* **WORK TO COMPLETE**: All of the data below should come back exactly as written, minus its images.
START EXERCISE DATA
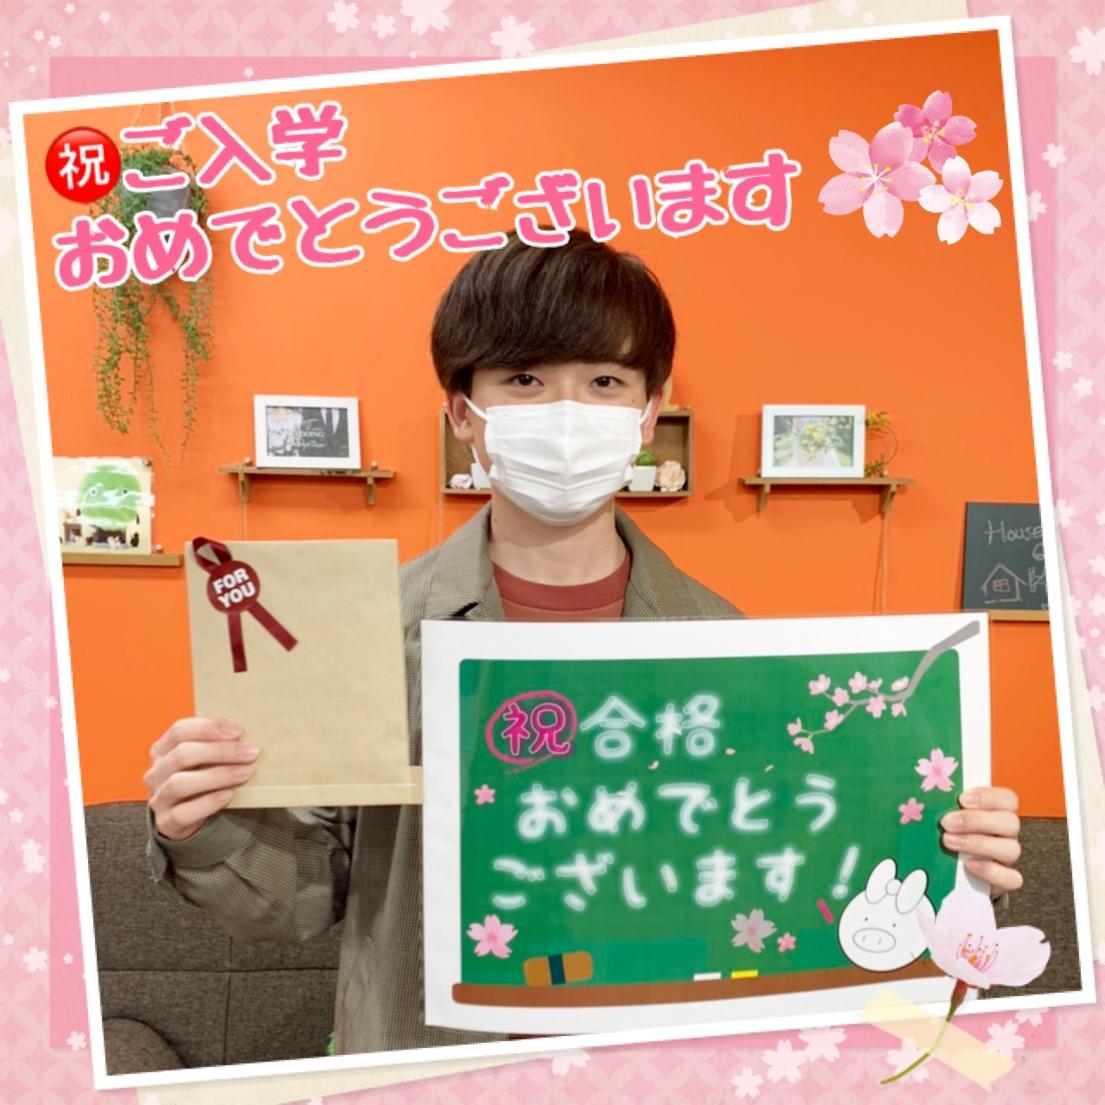 キャンペーン(ご入学おめでとうございます)
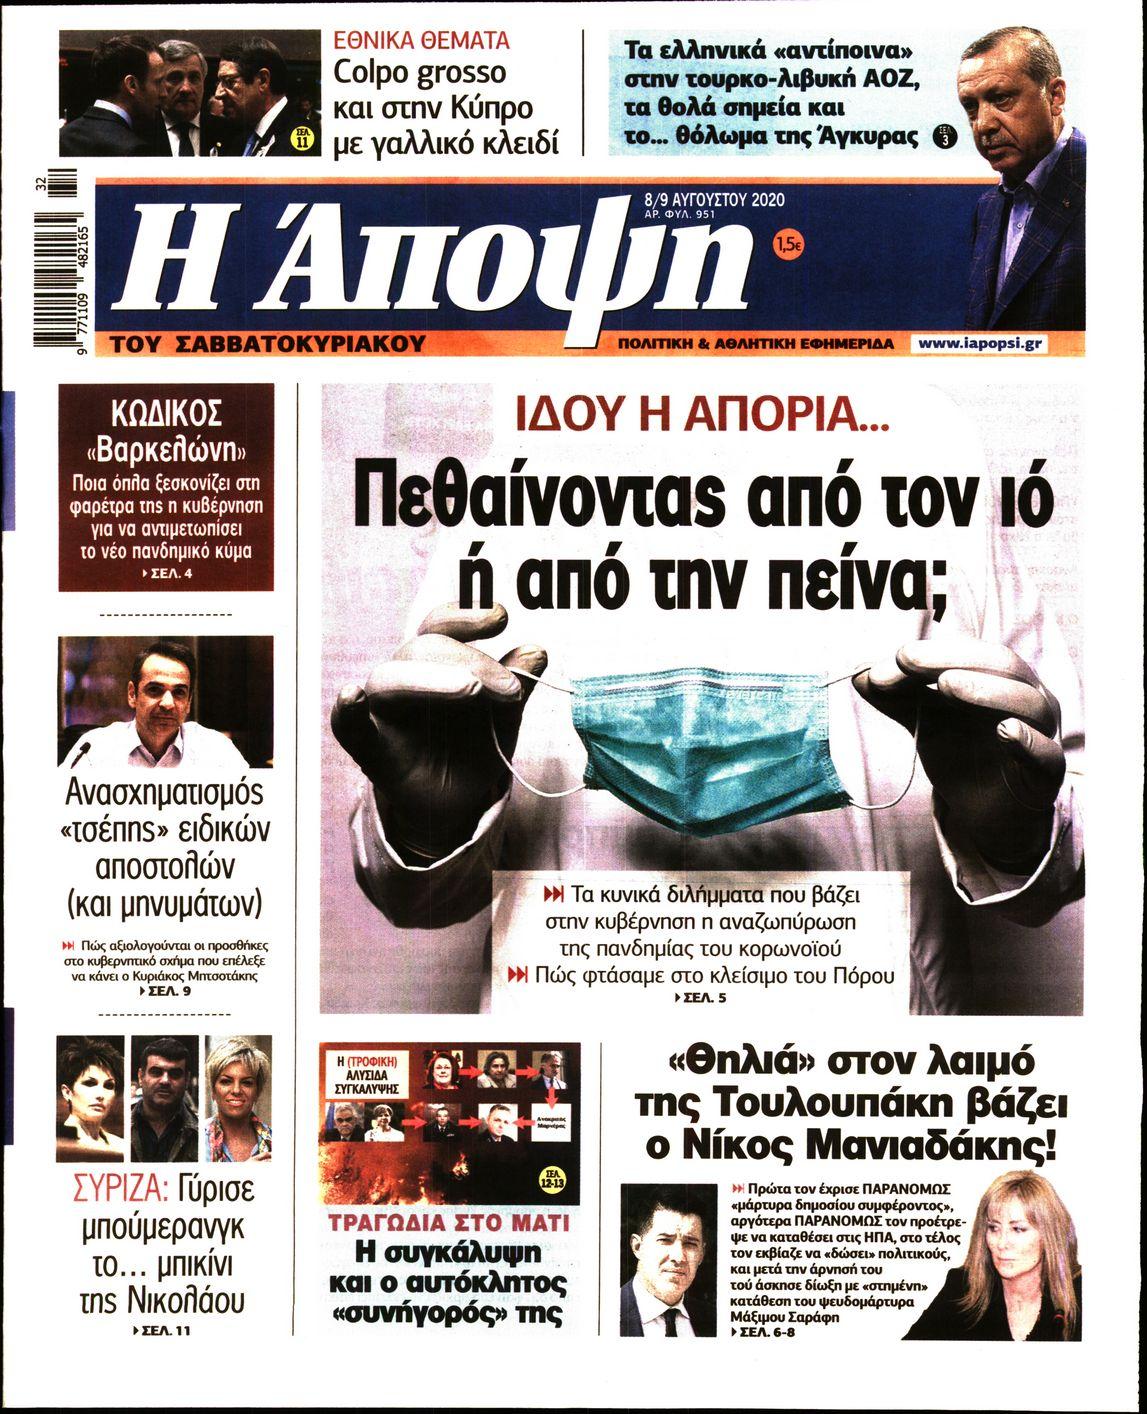 https://www.newsbeast.gr/files/1/newspapers/2020/08/08/27320628_1033.jpg
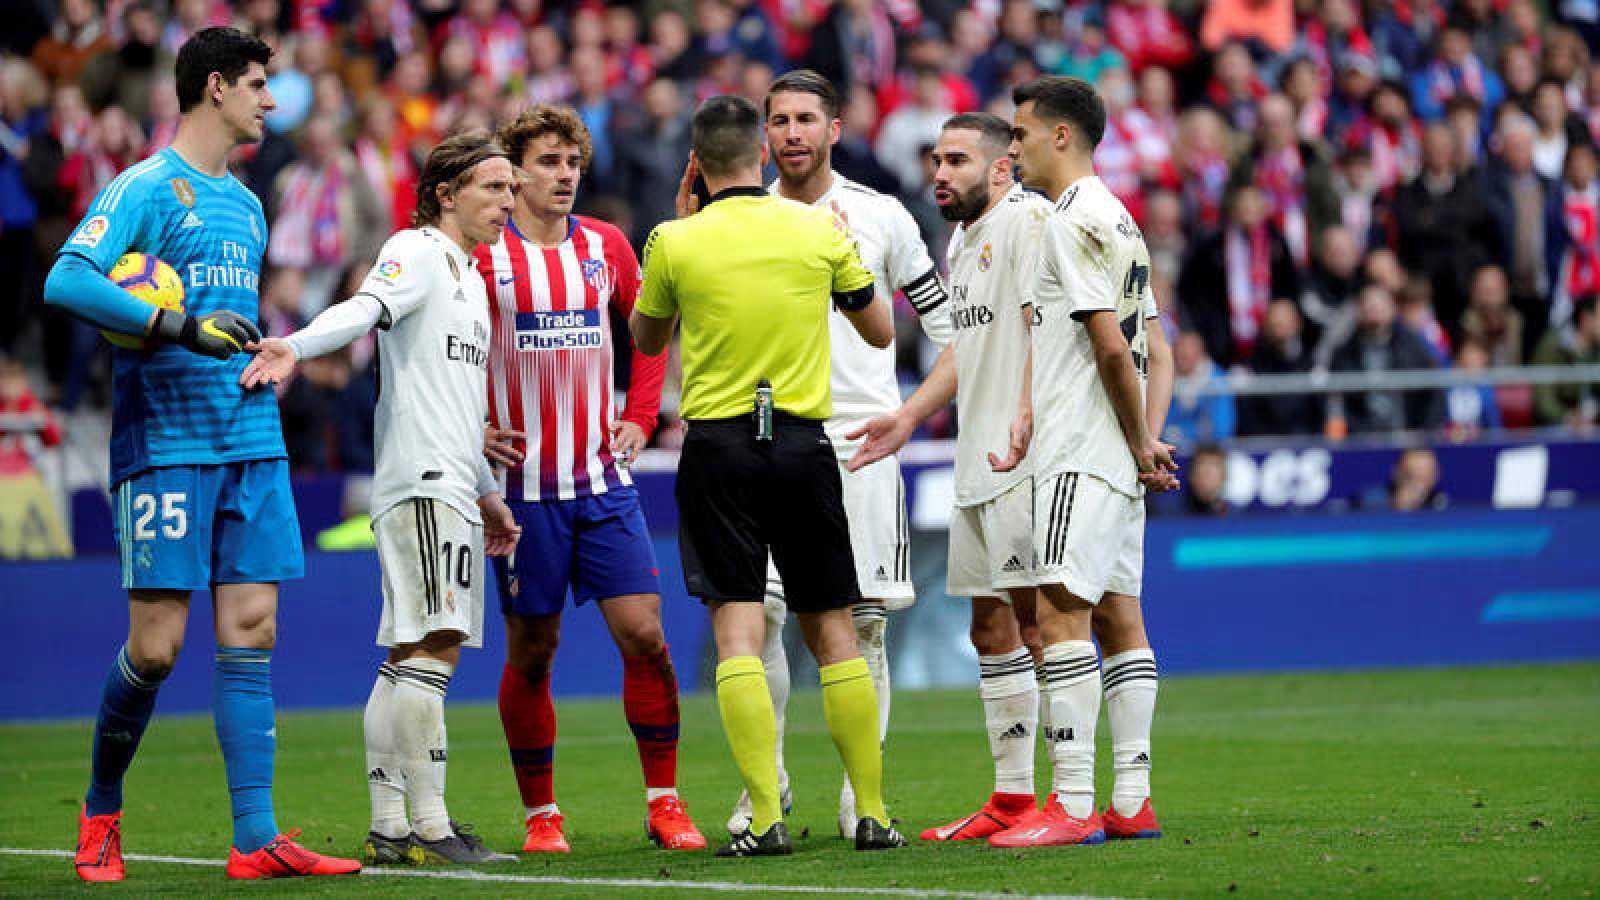 Corro alrededor del árbitro esperando la decisión sobre el fuera de juego de Morata
END EXERCISE DATA
* **SOLUTION FOR THIS PROBLEM**:
 キャンペーン(ご入学おめでとうございます)
 https://www.newsbeast.gr/files/1/newspapers/2020/08/08/27320628_1033.jpg
 Corro alrededor del árbitro esperando la decisión sobre el fuera de juego de Morata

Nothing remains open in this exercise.